Sábado de la XXIX Semana Ordinaria

Ef 4, 7. 11-16

Ayer oíamos las recomendaciones  de Pablo para ayudarnos a vivir en una unidad que proviene de la unidad de Dios, que es guiada por esa unidad y que a ella nos dirige como a nuestra meta.

Pero no es la unidad «uniformadora» de una serie de realidades idénticas y meramente yuxtapuestas como granos de maíz en una bodega, sino la unidad orgánica, la de una serie de realidades diferentes, que tienen cada una un trabajo que, aunque distinto, va a una sola cosa, al servicio del todo único.  Cada realidad sirve a todas las demás y recibe también de ellas un servicio.  Es una realidad orgánica hecha porque se pertenece al mismo cuerpo y porque se recibe la animación de una fuerza vital.

Pablo usa aquí su comparación favorita, la unidad del cuerpo humano.  Por esto, Pablo nos dice que cada uno debe ir caminando a una realización de perfeccionamiento en Cristo Señor, tal como escuchamos, que «lleguemos a ser hombres perfectos, que alcancemos en todas sus dimensiones, la plenitud de Cristo».

Lc 13, 1-9

La recomendación de Jesús de leer los signos de los tiempos es, hoy, puesta en práctica por El mismo.  Dos acontecimientos trágicos locales han conmovido la opinión pública: uno, una represión política; el otro, un accidente; los paisanos de Jesús, como nosotros, eran llevados a interpretar todo suceso penoso como un castigo de Dios; Jesús nos invita a interpretarlo desde la fe como un llamado a la conversión.

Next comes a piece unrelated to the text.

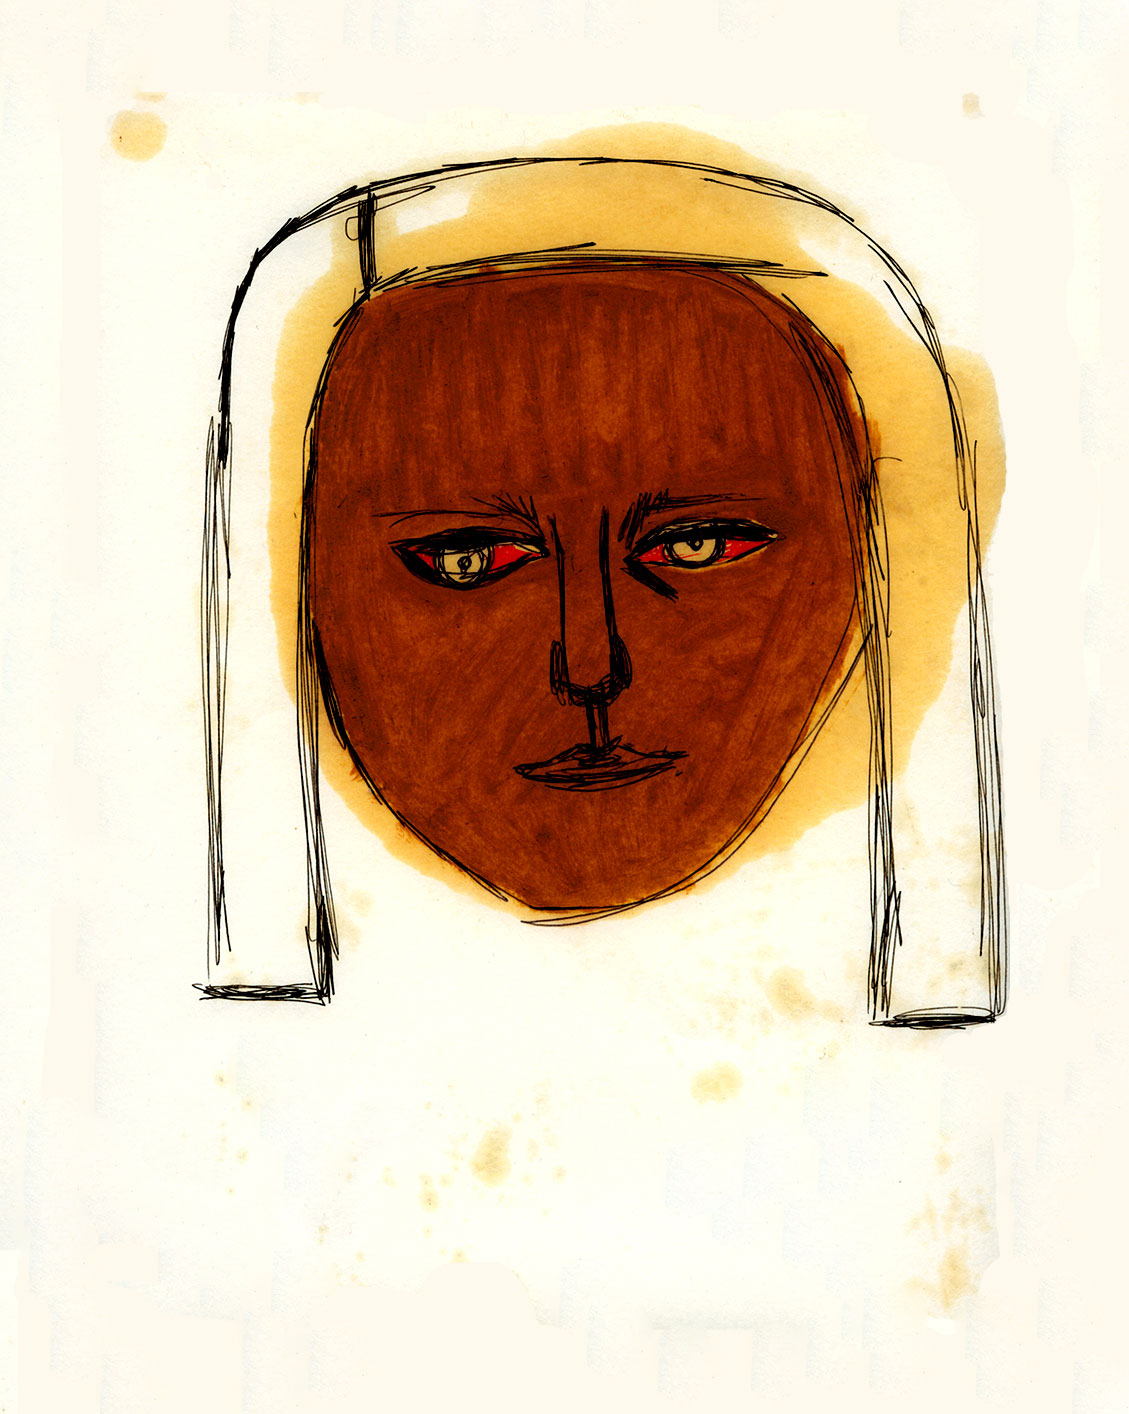 isabelle-jolivet-dessin-page-2 (15)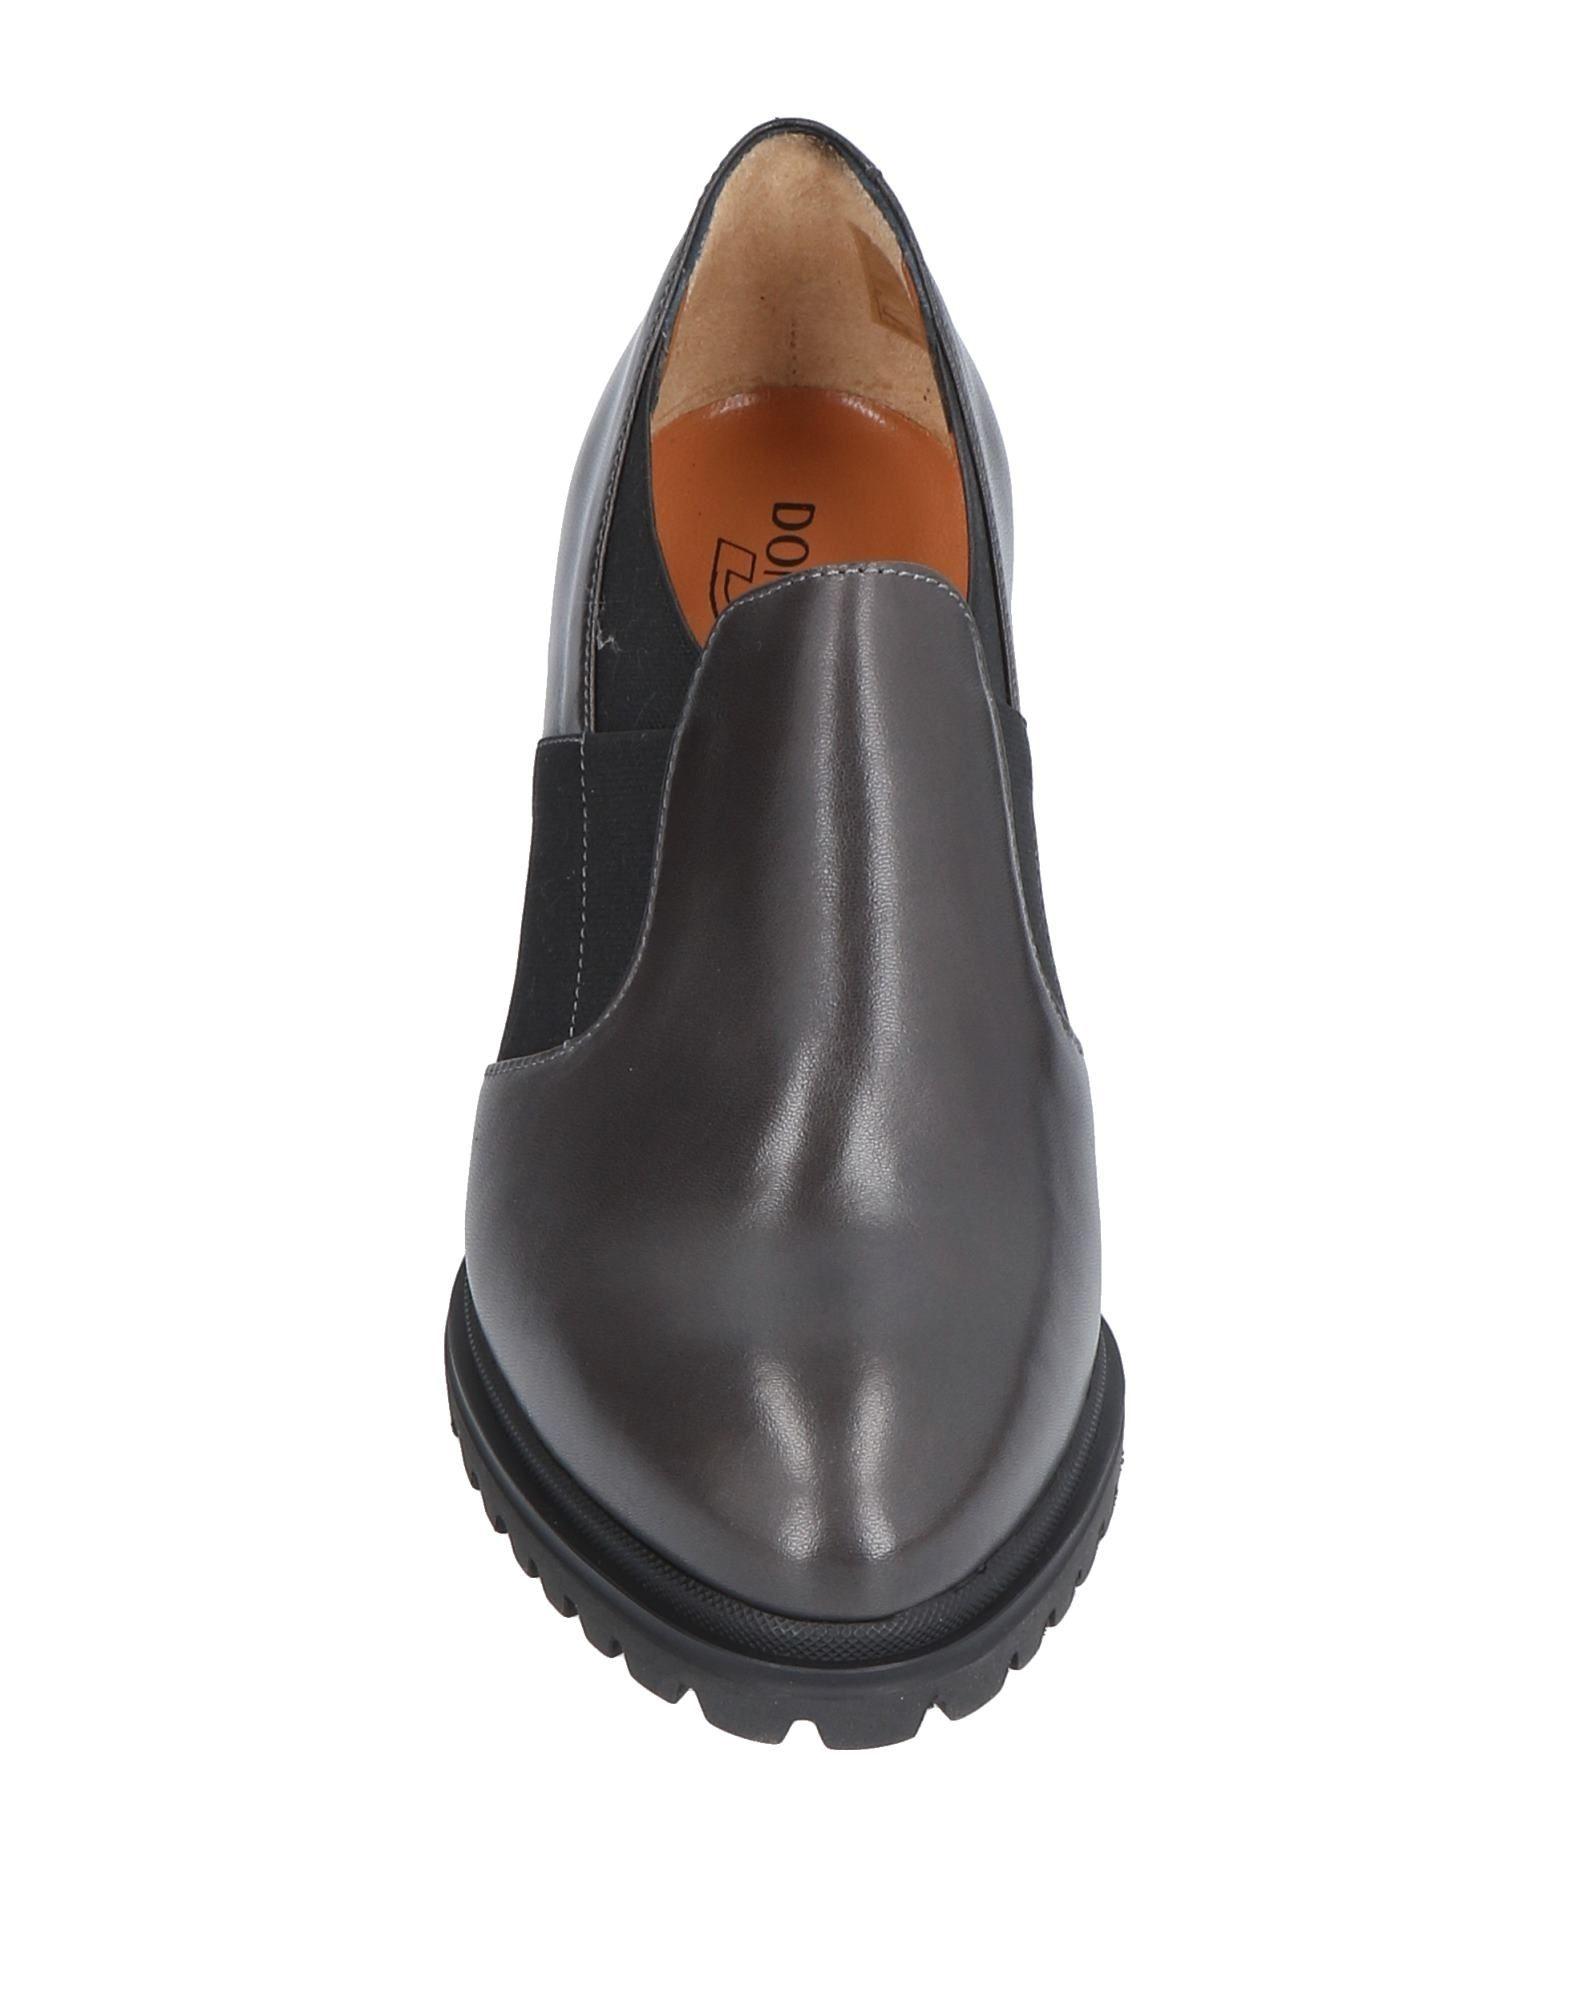 Donna Soft Mokassins Damen  11487016KK Gute Qualität beliebte Schuhe

Jesús presenta luego en la parábola de la higuera que no daba fruto la misericordia salvífica y paciente de Dios expresada en la actitud del hortelano: «déjala todavía este año; voy a aflojar la tierra alrededor y a echarle abono para ver si da fruto», pero está también la exigencia del fruto: «no he encontrado frutos».

¿He dado al Señor el fruto que El esperaba?  ¿Cuántos años habrá dicho El «déjala todavía otro año»?

Demos buen fruto de este don de la Eucaristía de hoy.